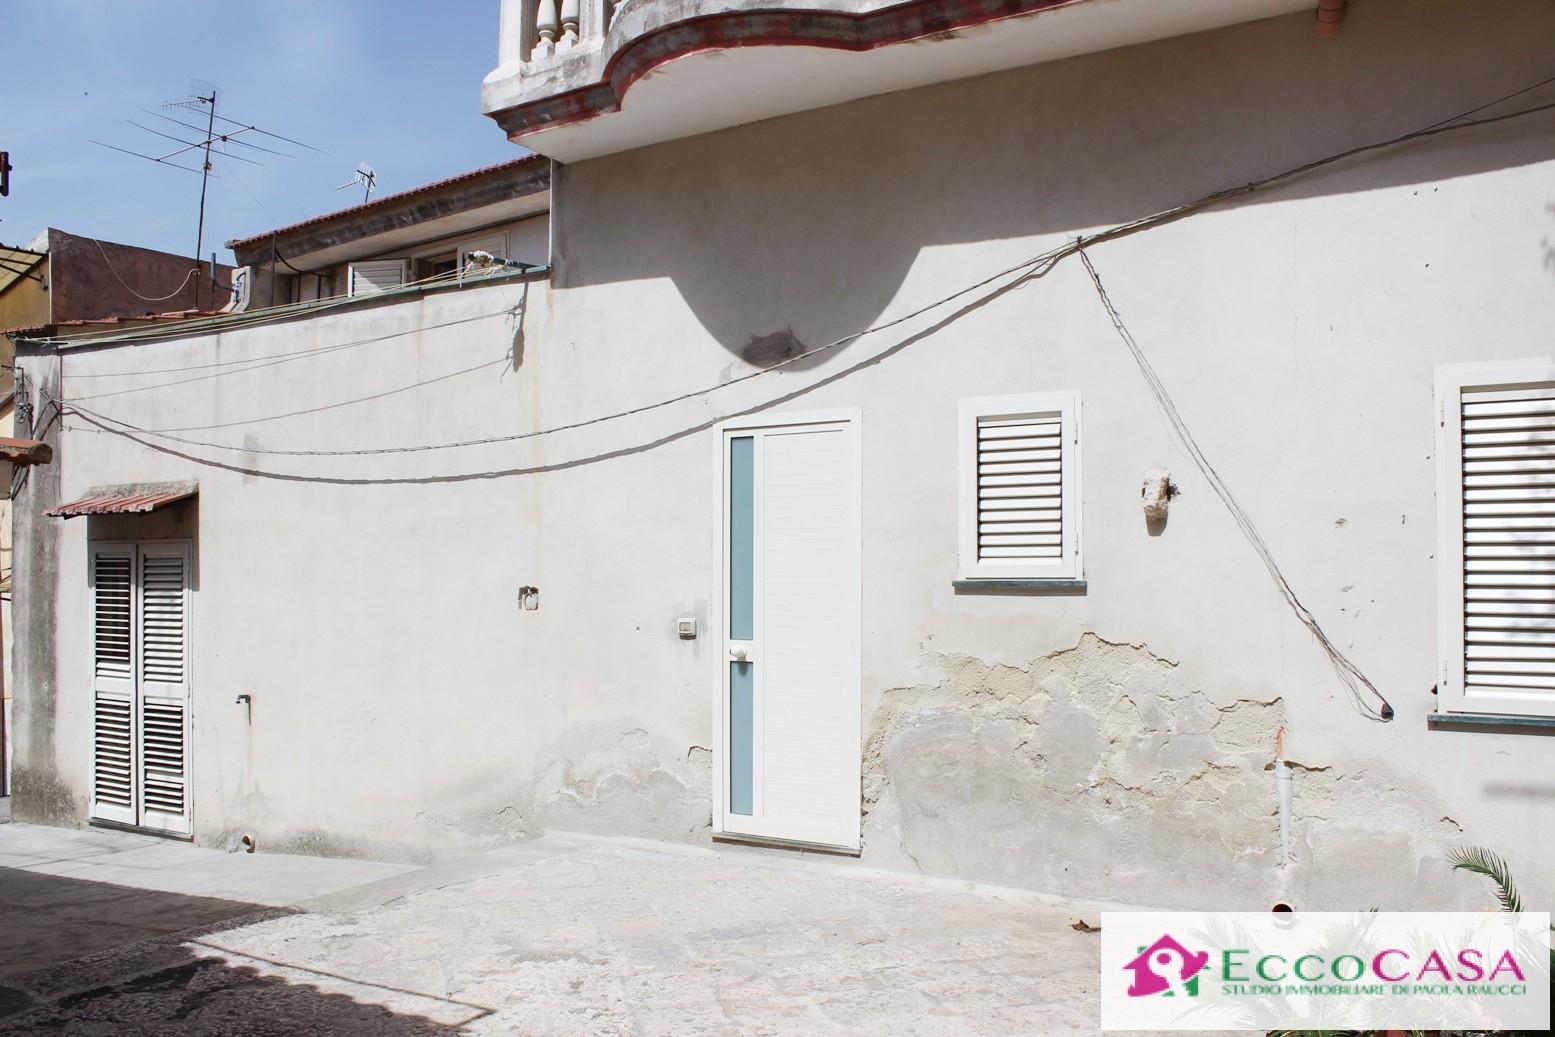 Appartamento in vendita a Maddaloni, 3 locali, prezzo € 48.000 | Cambio Casa.it
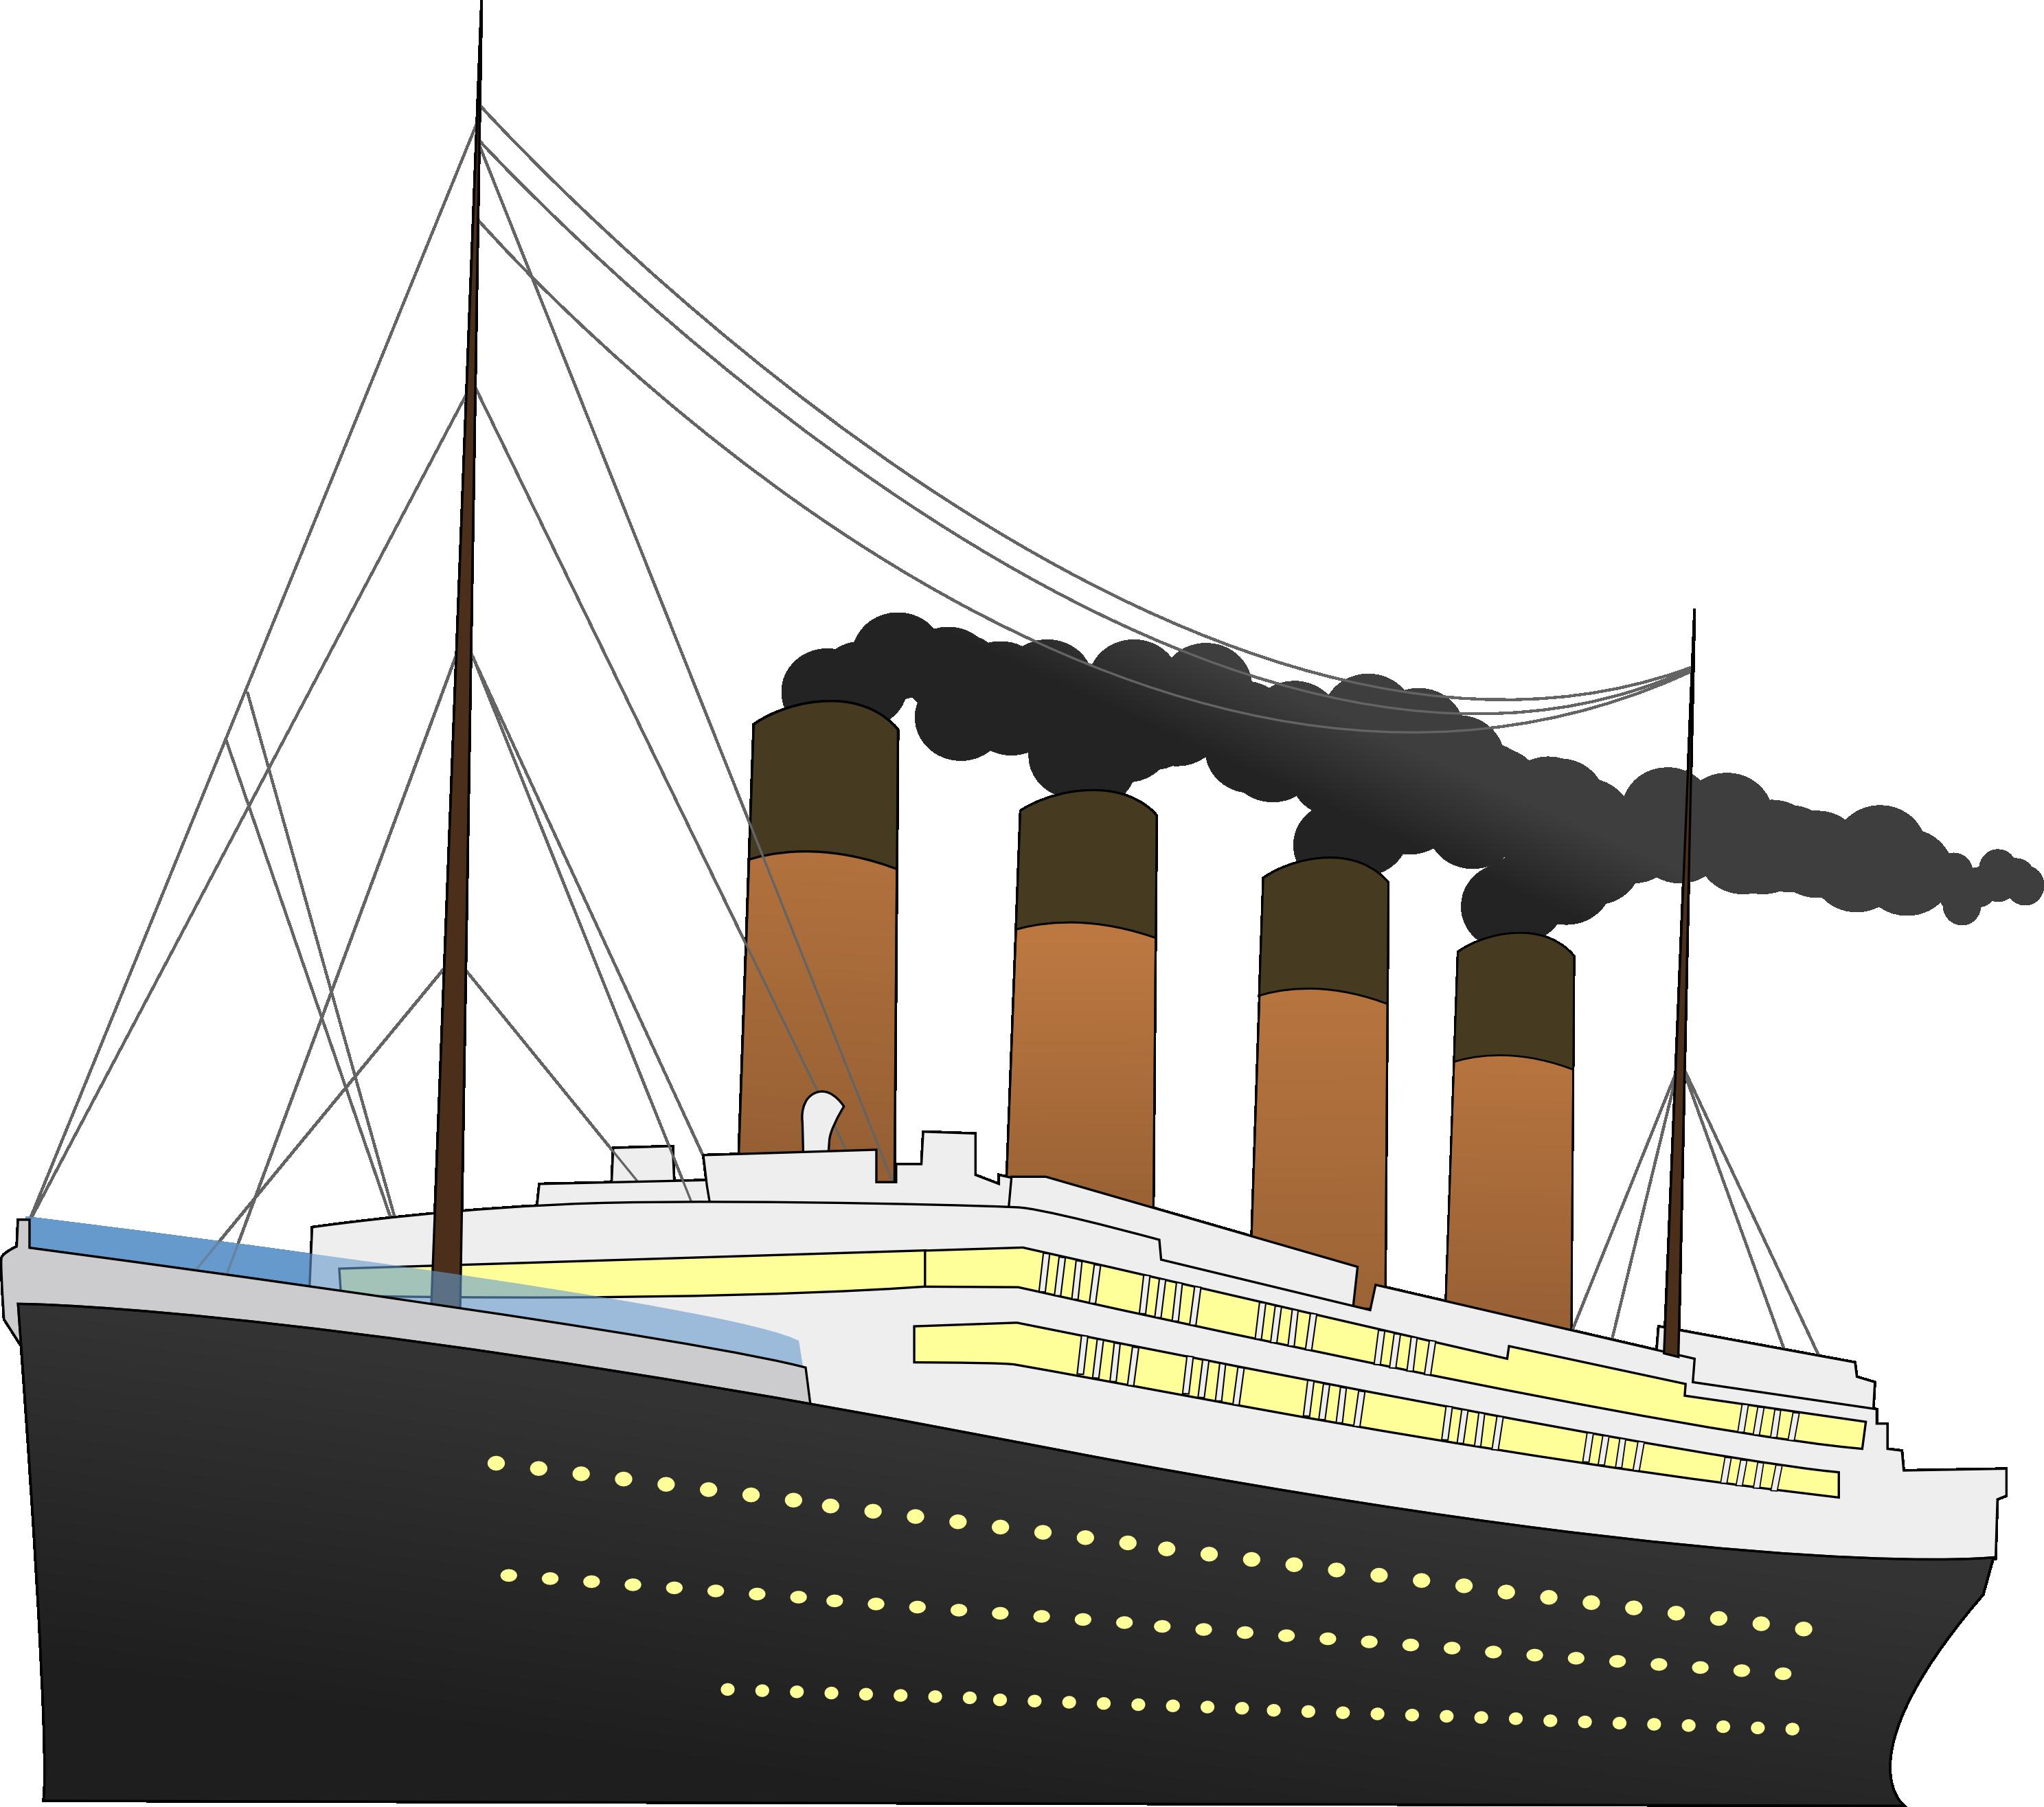 Titanic clipart Titanic Titanic Vectors Pie clipart
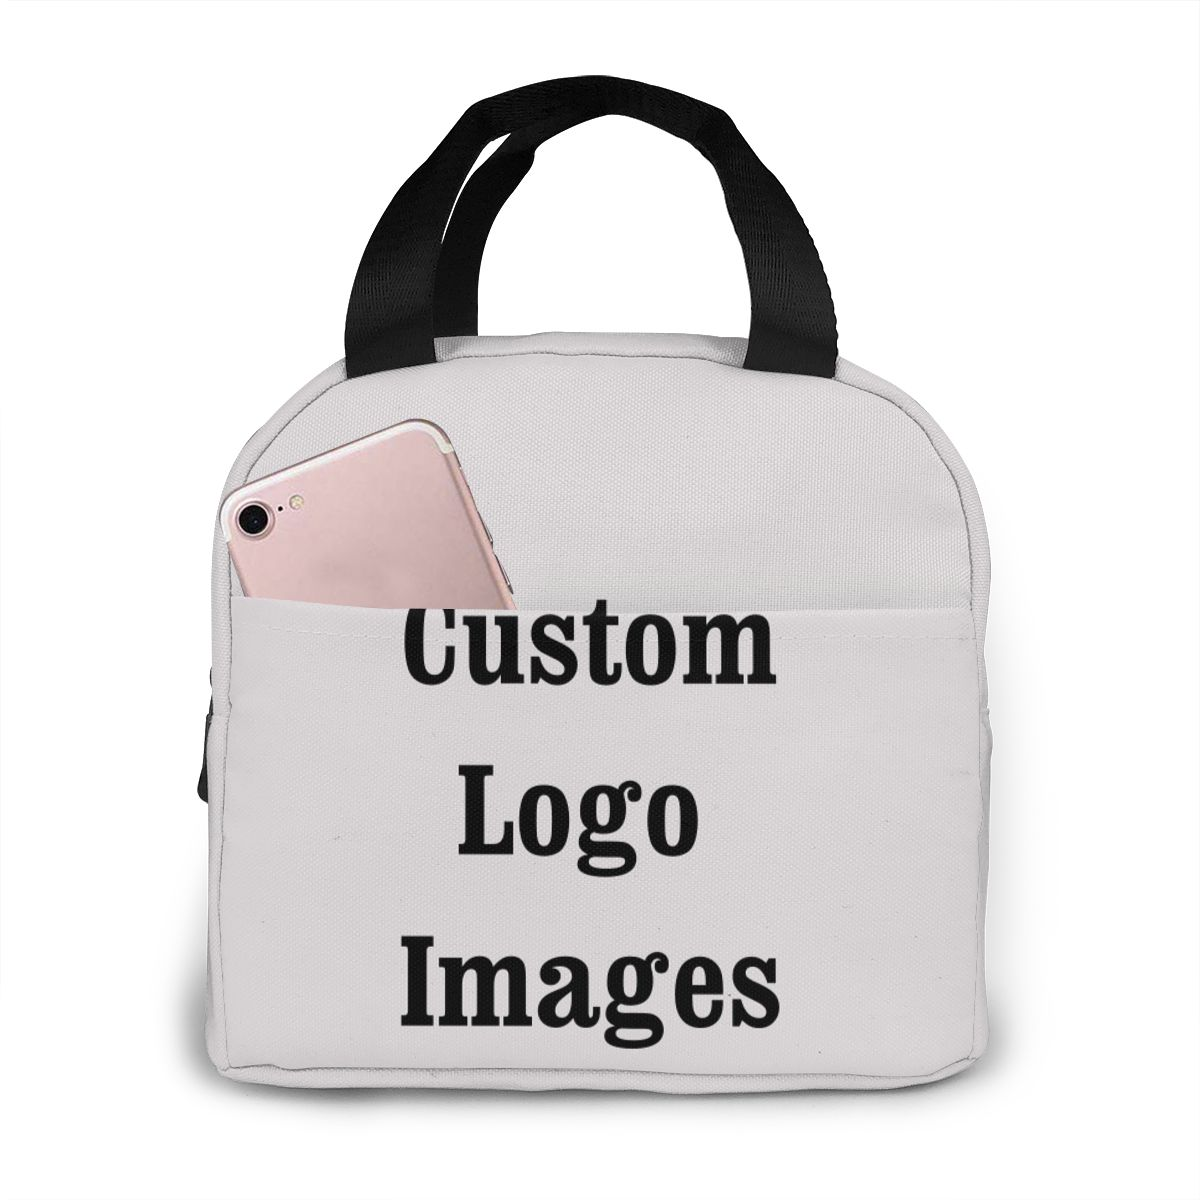 Bolsa de Almoço Bolsas de Piquenique Portátil para Escola Logotipo Personalizado Refrigerador Padrão Impressão Meninas Comida Térmica Crianças Meninos Caixa Tote Dropshipping
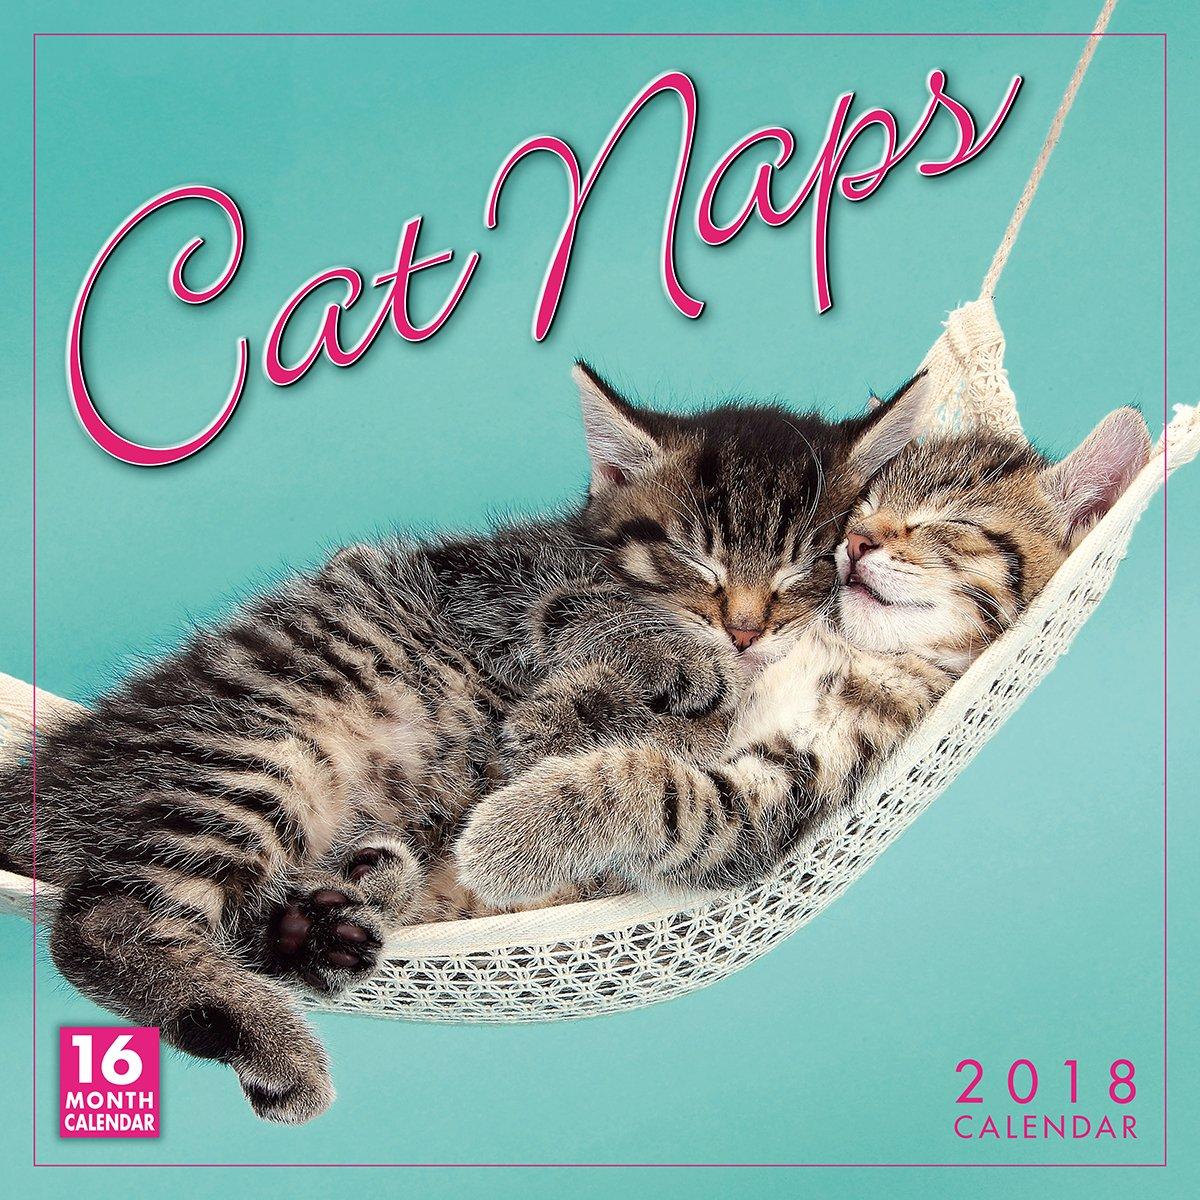 Cat Naps 2018 Wall Calendar (CA0114)
◆ ◆ ◆ ◆
_EXERCISE GOAL_
Each line from the one that holds "Bolsa de Almoço" through the end of the material should be repeated exactly, and nothing more. Leave out any picture.

_EXERCISE RESPONSE_
 Bolsa de Almoço Bolsas de Piquenique Portátil para Escola Logotipo Personalizado Refrigerador Padrão Impressão Meninas Comida Térmica Crianças Meninos Caixa Tote Dropshipping
 Cat Naps 2018 Wall Calendar (CA0114)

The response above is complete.